## An existence criterion for a normal maximal subgroup in a finite solvable group

Let $G$ be a solvable group of order $pm$, where $p$ is a prime not dividing $m$. Let $P \in \mathsf{Syl}_p(G)$. If $N_G(P) = P$, prove that $G$ has a normal subgroup of order $m$. Where is solvability required in the proof? [Note: This result holds for nonsolvable finite groups as well, as a special case of Burnside’s N/C-Theorem.]

By hypothesis, we have $n_p(G) = m$, and the Sylow $p$-subgroups of $G$ intersect trivially. Thus $G$ has $(p-1)m = |G| - m$ elements of order $p$. Denote the remaining elements by $H$.
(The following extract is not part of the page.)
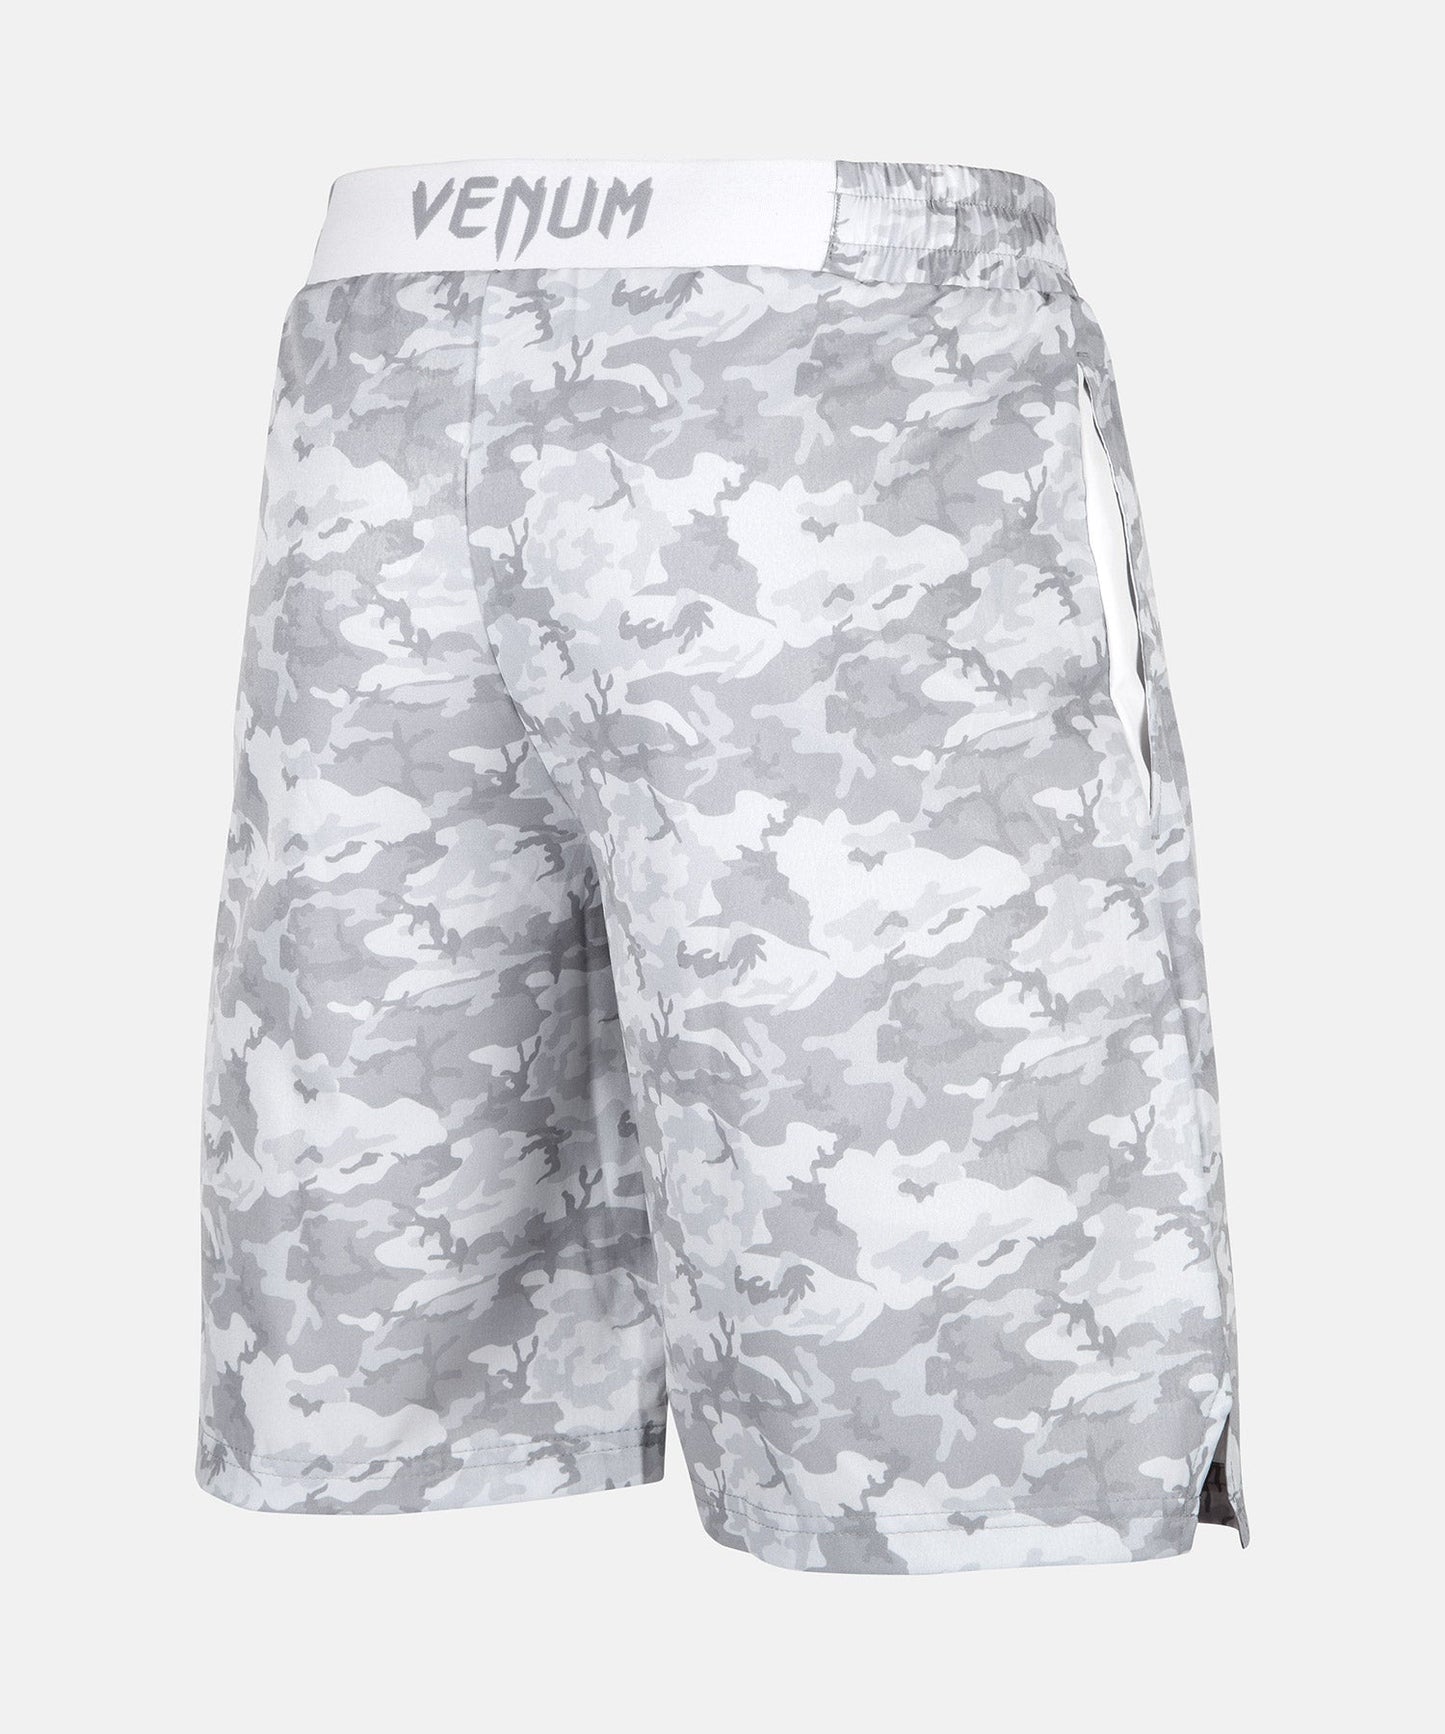 Venum Classic Training Shorts - White/Camo

Let $\pi$ denote the set of all prime divisors of $|G|$ except $p$. By this previous exercise, there is a Hall $\pi$-subgroup $M \leq G$, which (by definition) has order $m$, and none of whose elements have order $p$. Thus $M = H$. Moreover, if $N \leq G$ is any other subgroup of order $m$, then $N$ is a Hall $\pi$-subgroup (again by definition) and $N$ is conjugate to $M$. But $N = H$, so that in fact $M$ is the unique subgroup of $G$ of order $m$. Thus $M$ is characteristic, hence normal, in $G$.

Solvability was needed in order to guarantee the existence and conjugateness of Hall subgroups.